Biri her şeyi riske atar, diğeri hiçbir şey


“Anılar hikayelerdir,” diyor Lidia bir kez ve bu hikayeler gerçekte olanlara karşılık gelmek zorunda değil: “Birlikte yaşayabileceğiniz bir hikaye koymalısınız.” Ve Stewart'ın filmi, bu hikayeyi duygularının bin parçalanmasından nasıl bestelediğini ana karakterini izliyor. Stewart'ın kendi kişiliğinin birkaç yönünü bu kaleydoskopa karıştırdığı varsayılabilir.

Eğer “su kronolojisi” her şeyi riske atan film ise, “Eleanor The Great” herhangi bir risk almayan filmdir. Ciddi bir cevap vermeye çalışmadığı ilginç bir soru soruyor. İkinci ilginç bir soru ile ilgileniyor ve nispeten banal cevaplar buluyor. İlk soru, 94 yaşındaki Eleanor Morgenstein'ın son on yıldır yaşadığı kız arkadaşı Bessie ile ilgilidir. Eleanor kızına taşınır, ancak onu bir evde barındırmak istiyor.


Yaşlı halkın Holokost mağdurları toplantısında, aniden sadece hikayesini onun hikayesi değil, geç partnerinin hikayesini anlatmaya başlar. Ve bununla birlikte, bu hikayeleri son kurtulanların ölümünden sonra onlara nasıl anlatacaklarını anlatabilecek tartışmalardayız, bu yüzden Wilkomirski davasında olduğu gibi, kendilerini deneyimlememelerine rağmen, onlara anlatmayı düşünürler.
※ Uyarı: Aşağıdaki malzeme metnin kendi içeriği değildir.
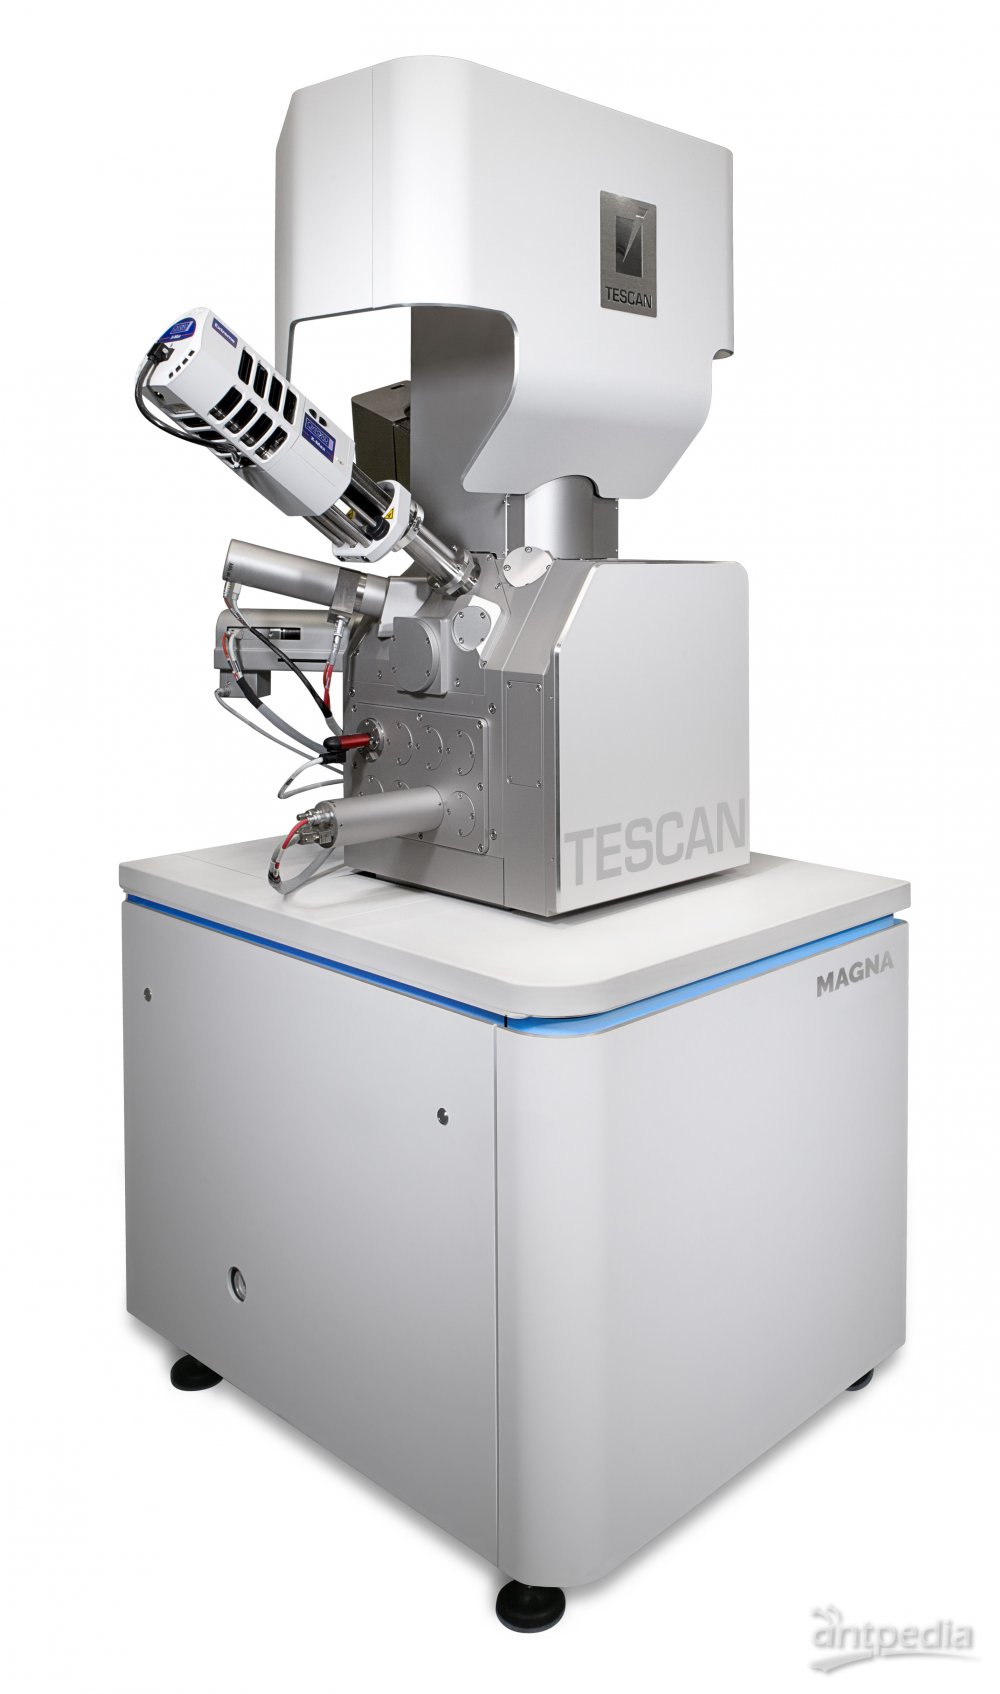 TESCAN MAGNA 超高分辨场发射扫描电镜 用于无涂层生物样品

Bununla birlikte, bu, “Eleanor” ın gerçekten ilgilenmediği, hafızanın tahrif edilmesi bile değil, sadece yalnız hisseden ve ilgiyi uyandırmak isteyen (ve 95 yaşındaki Haziran Squibb'in yaşamak ve açık bir chuzpe için muazzam bir cesaretle oynandığı yaşlı bir kadının) olduğu bir tartışmadır.
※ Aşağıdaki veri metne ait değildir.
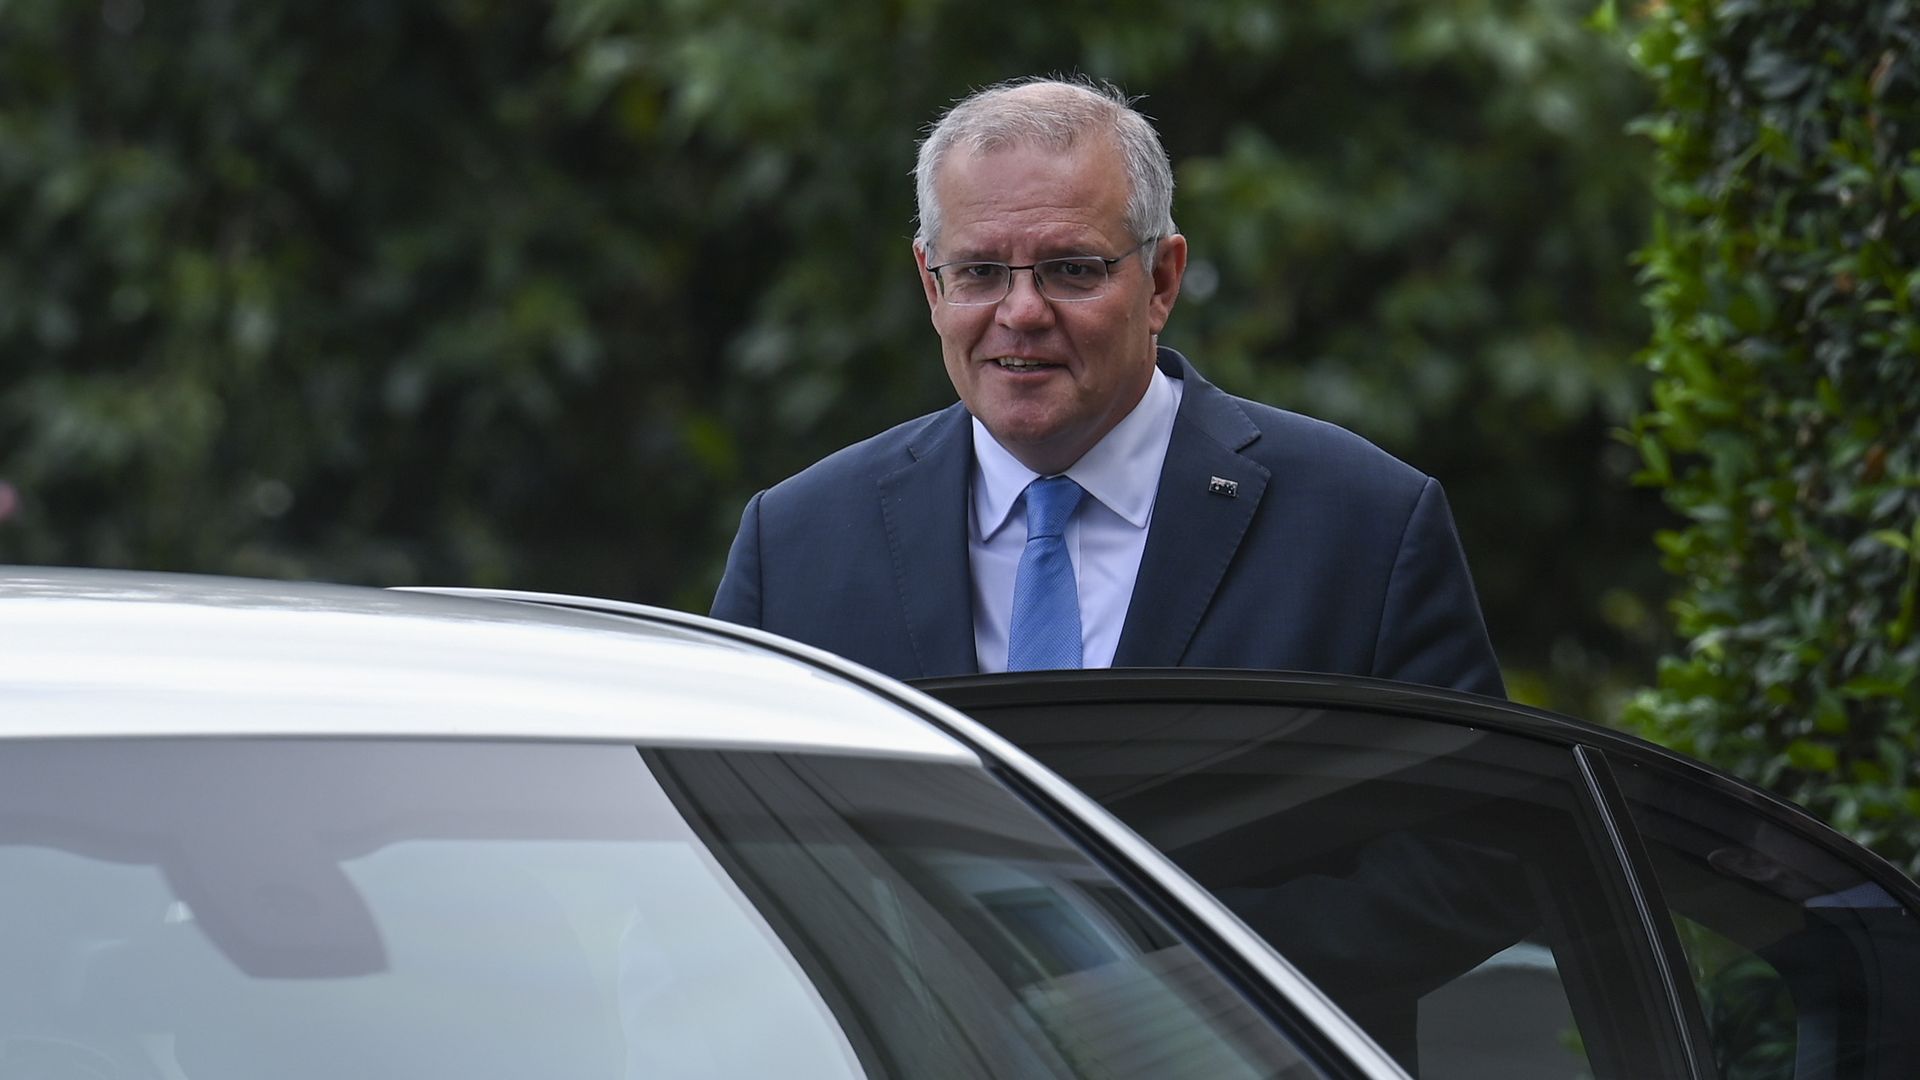 Prime Minister Scott Morrison leaves Government House on April 10, 2022 in Canberra, Australia.

Bu yüzden Johansson, genç bir gazeteci (trajik: annesi yeni öldü) hakkında paralel bir iplik inşa ediyor ve şokta birbirlerini rahatlatamayan TV moderatörü babası (trajik: karısı yeni öldü). Nihayetinde, her şey kederinizi kendinize yemek yerine başkalarıyla paylaşmanız gereken her şey ortaya çıkar. Netflix programına mükemmel bir şekilde sığacak olan bir film -sempatik, gözyaşı gözyaşı, ama şimdi Cannes'da sona erdi çünkü festival Scarlett Johansson kırmızı halıya sahip olmak istedi.